Cachet T, de Turck K, Roets E, Hoogmartens J
Katholieke Universiteit Leuven, Instituut voor Farmaceutische Wetenschappen, Belgium.
J Pharm Biomed Anal. 1991;9(7):547-55. doi: 10.1016/0731-7085(91)80176-a.
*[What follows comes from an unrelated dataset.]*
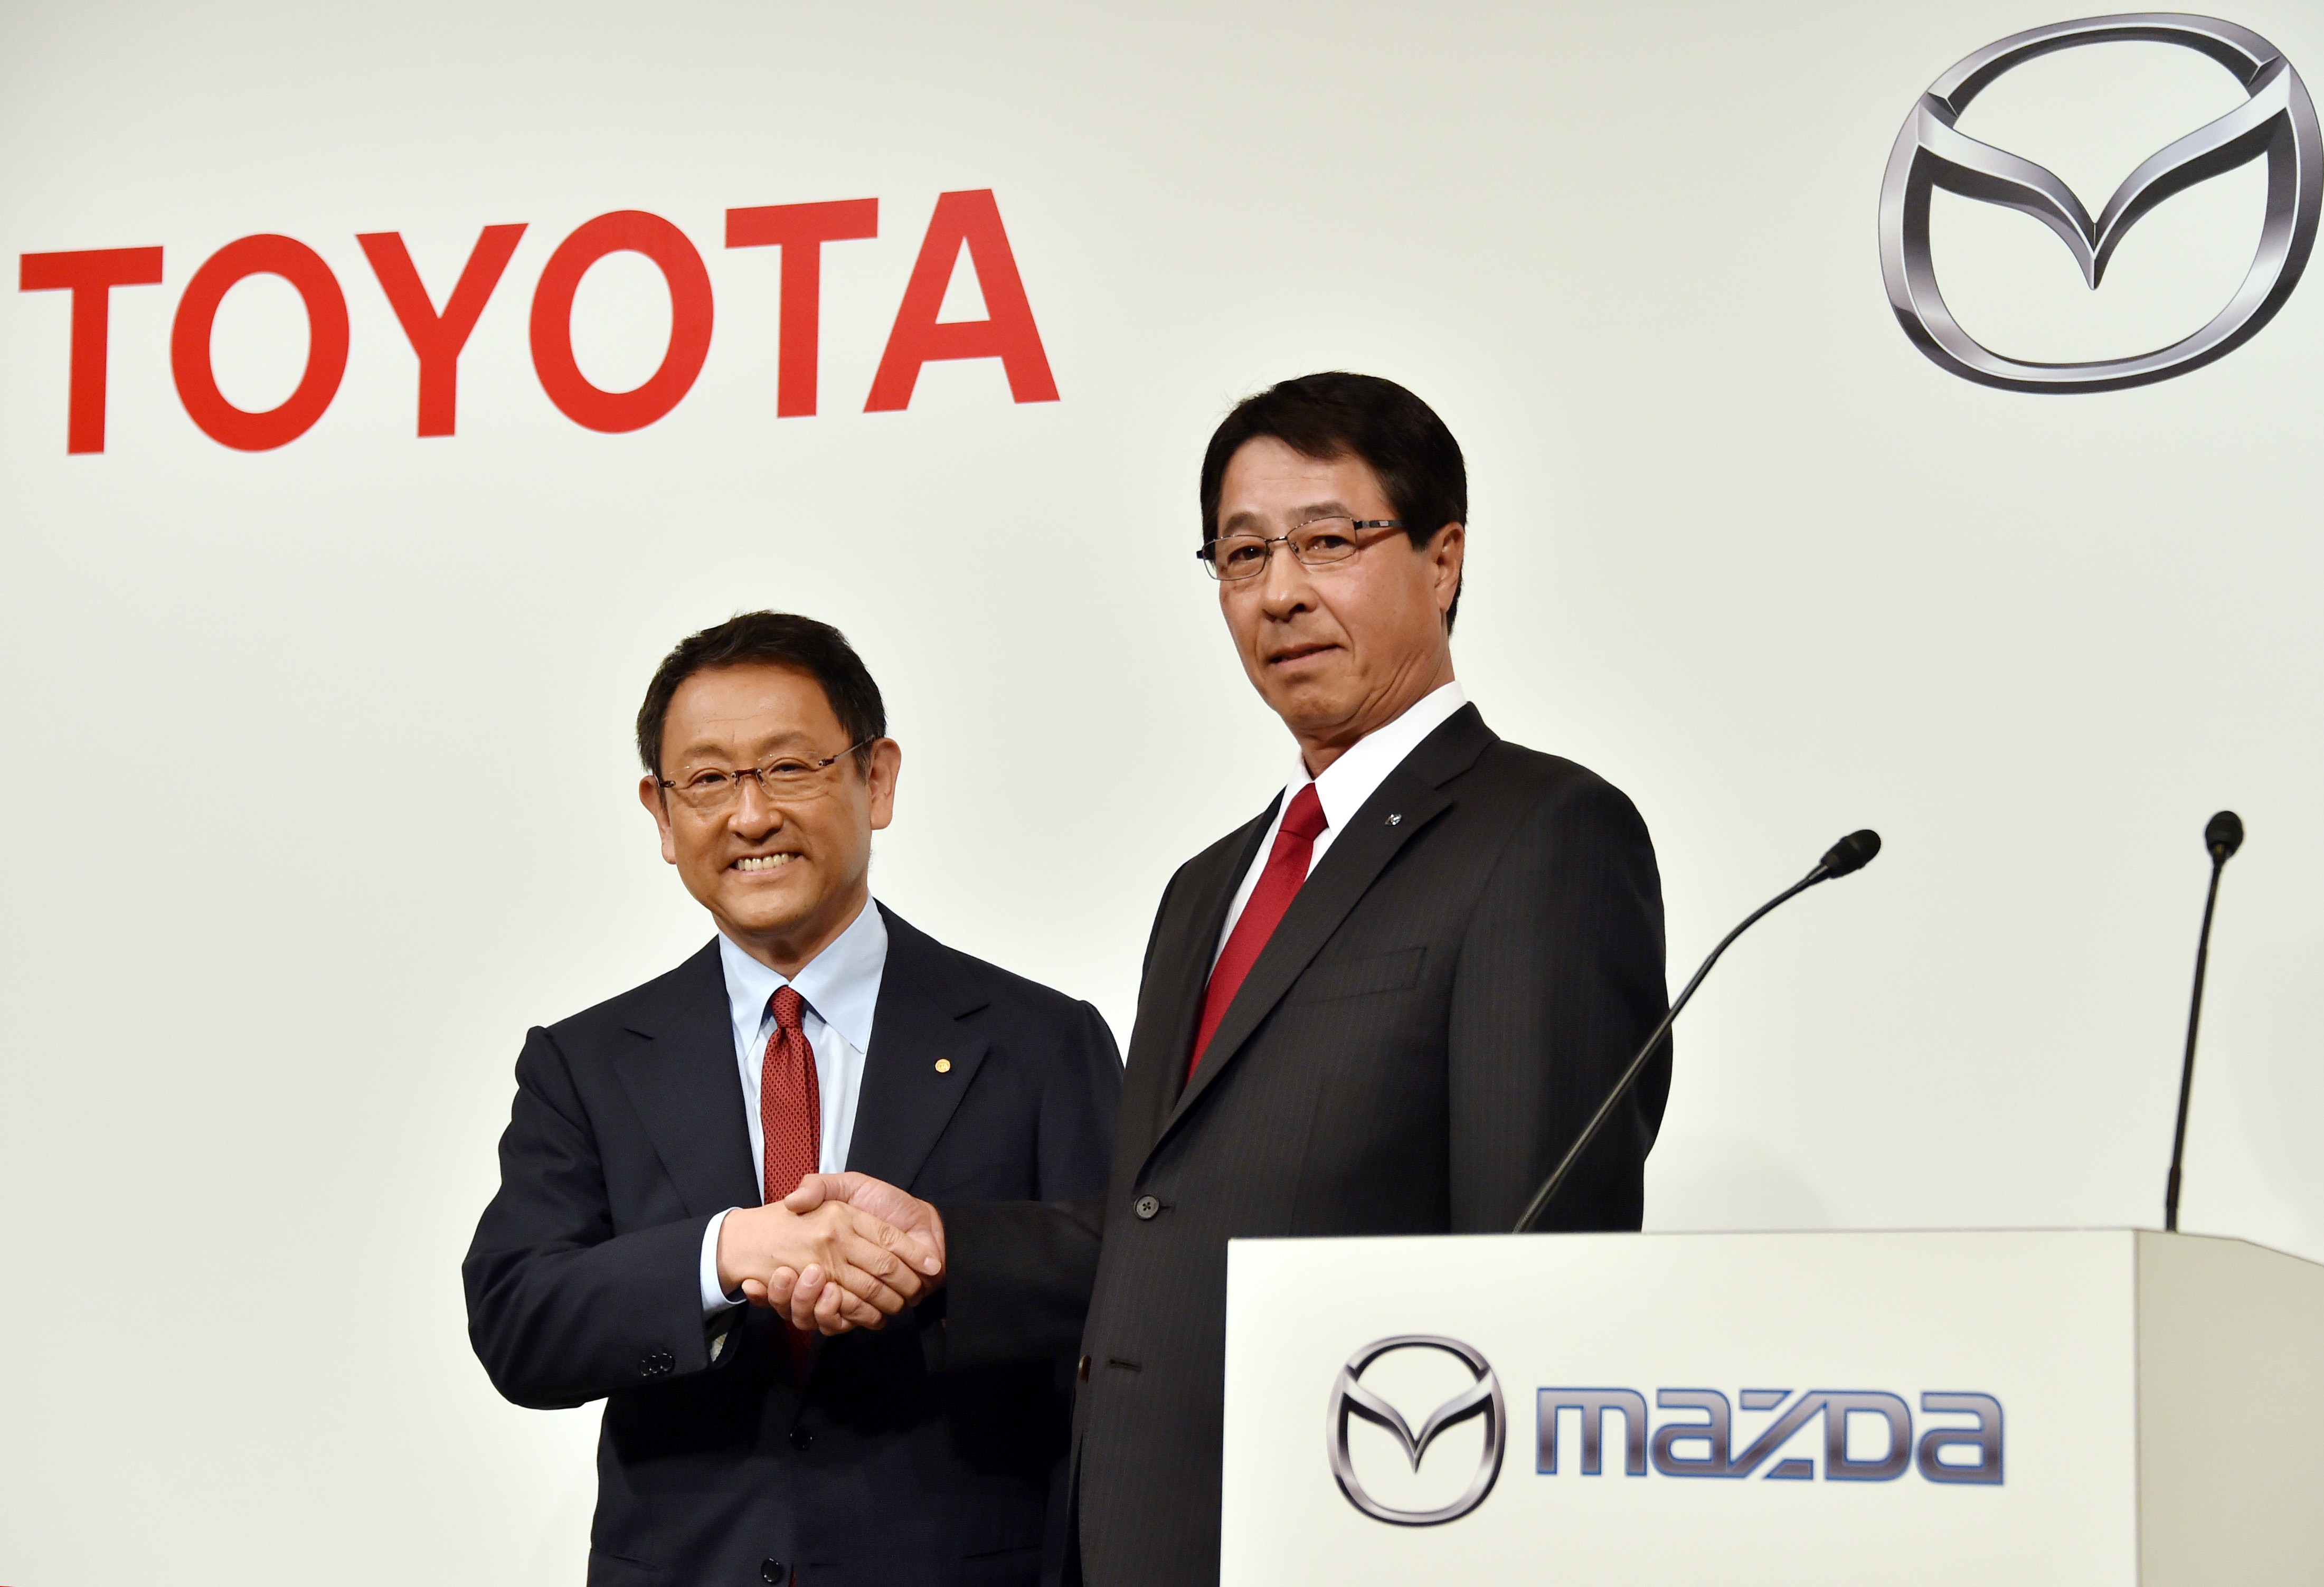 Toyota president and Mazda president shake hands

A column-switching technique is described for LC of erythromycin. The method allows, in about 1 h, the separation of erythromycin A from all its known potential impurities, except erythromycin D, which is a minor impurity. The switching technique combines two columns (7.5 cm x 4.6 mm and 25.0 cm x 4.6 mm) both packed with RSil C 18 LL 10 microns. The mobile phase is acetonitrile-tetrabutylammonium sulphate (0.2 M, pH 6.0)-ammonium phosphate buffer (0.2 M, pH 6.0)-water (24:5:5:66, v/v/v/v). Temperature was 35 degrees C, flow rate was 1.5 ml min-1, detection was by UV at 210 nm. Results for a number of commercial samples of various origin are reported.
本文描述了一种用于红霉素液相色谱分析的柱切换技术。该方法能在约1小时内将红霉素A与其所有已知潜在杂质(除次要杂质红霉素D外)分离。该切换技术结合了两根均填充10微米RSil C 18 LL的色谱柱(7.5 cm×4.6 mm和25.0 cm×4.6 mm)。流动相为乙腈 - 硫酸四丁铵(0.2 M,pH 6.0) - 磷酸铵缓冲液(0.2 M,pH 6.0) - 水(24:5:5:66,v/v/v/v)。温度为35℃,流速为1.5 ml min⁻¹,检测波长为210 nm的紫外检测。报告了多个不同来源商业样品的分析结果。